Nvidia (NVDA) - Get Report has not been spared these troublesome times, with its valuation falling by more than 30% this past month. However, this is a very high-quality company with strong cash flows that has right now been put on sale. Looking ahead, there are plenty of reasons to be bullish on this investment. Here's why:
Very Well-Positioned Operations
Over the next several months or possibly longer, as the world adapts to extraordinary times with increased working from home, more screen time, and more e-gaming, the demand for high-performance laptops is going to soar.
However, picking out the biggest winners will be very challenging as investors have already priced the likely winners higher. But arguably, a more realistic and rewarding approach to take is to broaden one’s investment horizon.
Looking out to the next two years, stocks are very likely to be trading higher than they are at present. Indeed, today’s prices may not be the absolute bottom of this downturn, but the point of investing is not to time the bottom: it's to buy low and sell higher.
Admittedly, there’s plenty of uncertainty of how coronavirus will impact the global economy and stocks are going to continue to be highly volatile with investors being driven by emotions rather than facts. Amidst all this, Nvidia is a stand-out high-quality company that is worth considering.
Highly Profitable Enterprise
As Nvidia increases its exposure to value-added products and software services, its GAAP gross margins continuing to expand over time. Specifically, over the past four years, its GAAP gross margin has gone from 58.8% to 62.0%.
Furthermore, especially impressive is that Nvidia’s fastest-growing segment, its datacenter segment, is a higher margin contributor to the companies gross margin, particularly when compared with its gaming segment.
Presently, Nvidia’s gaming segment still commands approximately 50% of its total revenues. However, datacenter revenues are rapidly picking up momentum and as of the most recent quarter, the group now generates close to a 30% of Nvidia’s total revenue, with sequential figures reporting an increase of 33%.
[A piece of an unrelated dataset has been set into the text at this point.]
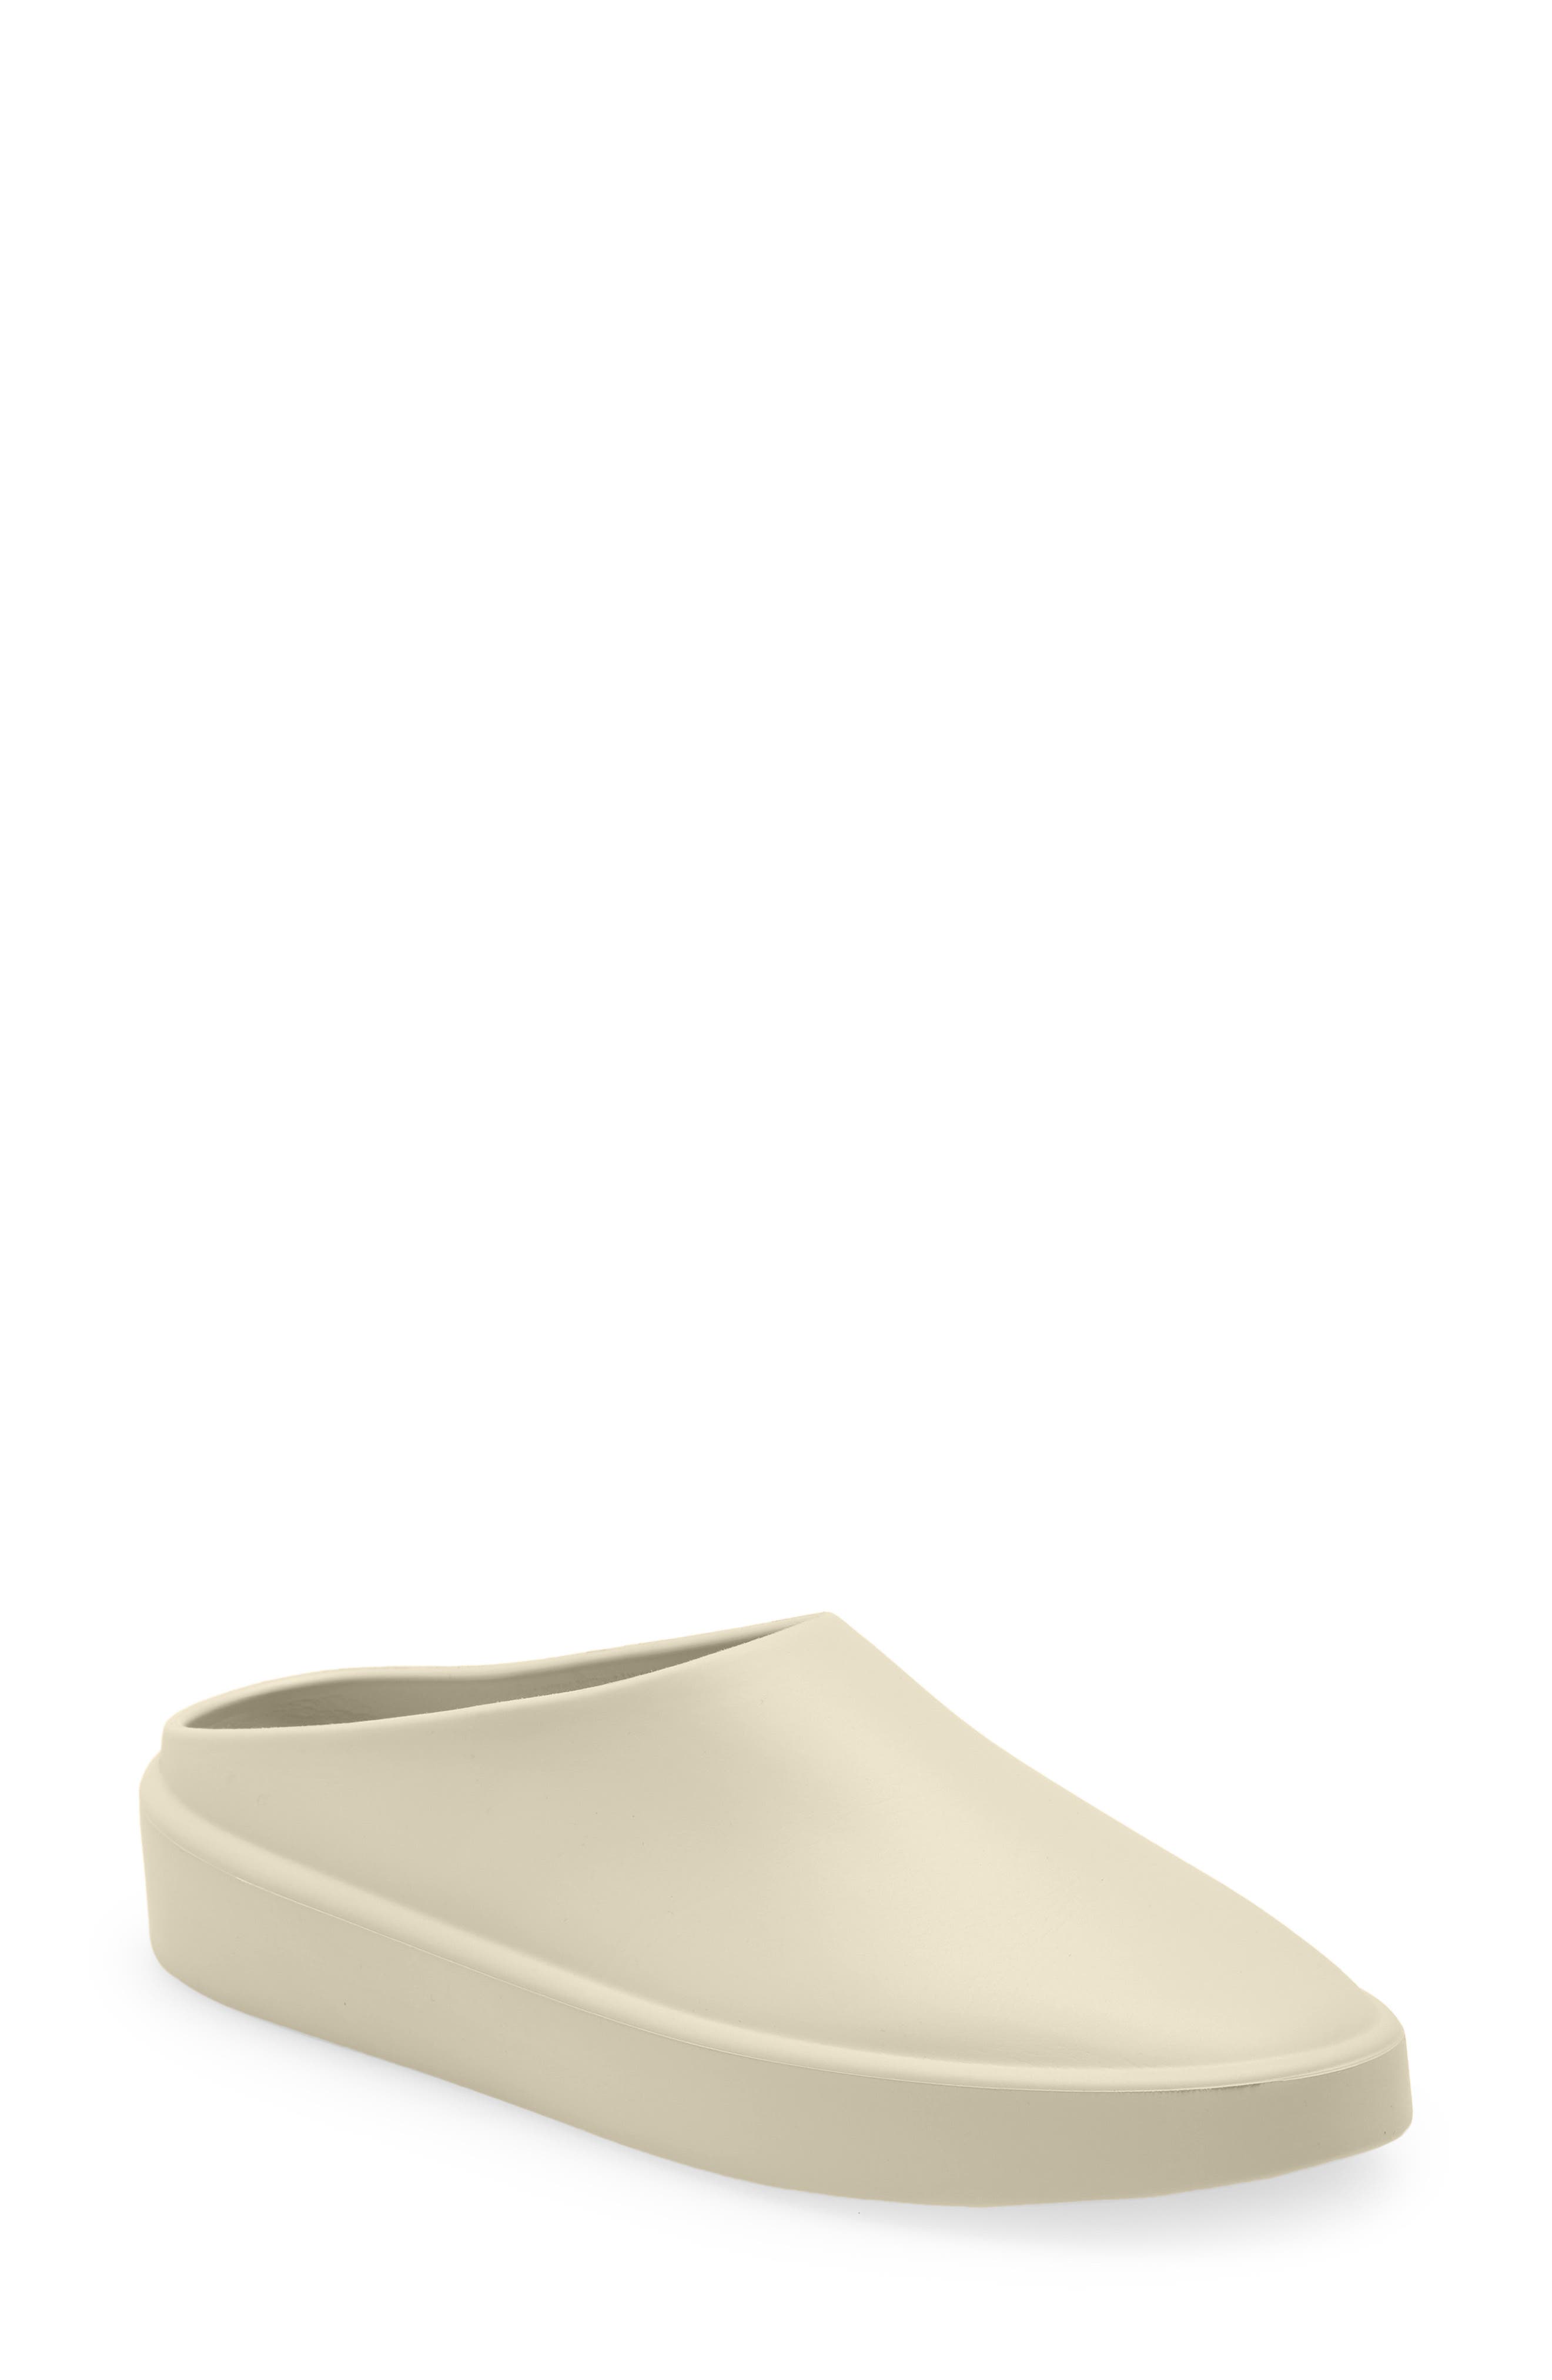 Fear of God The California Mule in Cream at Nordstrom, Size 15Us

Valuation - Large Margin of Safety
A mistake many investors make is believing that the management of some companies is great when they're really average with no real skin in the game.
The same can not be said here: Nvidia’s CEO Jen-Hsun Huang has expertly lead Nvidia and grown it into a formidable enterprise, and yet he still owns approximately 3.9% of the company, thus firmly aligning his interest with shareholders.
With close to $4 billion of company stock, shareholders are getting a highly motivated founder and experienced CEO to navigate the company through these uncertain times, ready to capitalize on high return on investment opportunities.
Compared with the past four years, Nvidia’s exposure to high-margin software revenue has gone from less than half to more than half. Similarly, its leveraged operating business model has seen its non-GAAP gross margins expand from 22% in fiscal 2017 to 38% in fiscal 2020.
Consequently, Nvidia’s total revenues are estimated to grow approximately 20% to 22% in fiscal 2021 (calendar year 2020). This means that investors are paying less than 27 times trailing cash flows from operations for a company that is incredibly well-positioned to benefit over the next two, three, and five years ahead, and one that is continuously diversifying its operations.
The Bottom Line
Nvidia’s near-term results are likely to have some pluses and minuses. However, when we start to see the actual impact of the coronavirus, the bad news will be out, and the uncertainty lifted. Looking further out than the next twelve months, Nvidia’s valuation today is cheaply valued.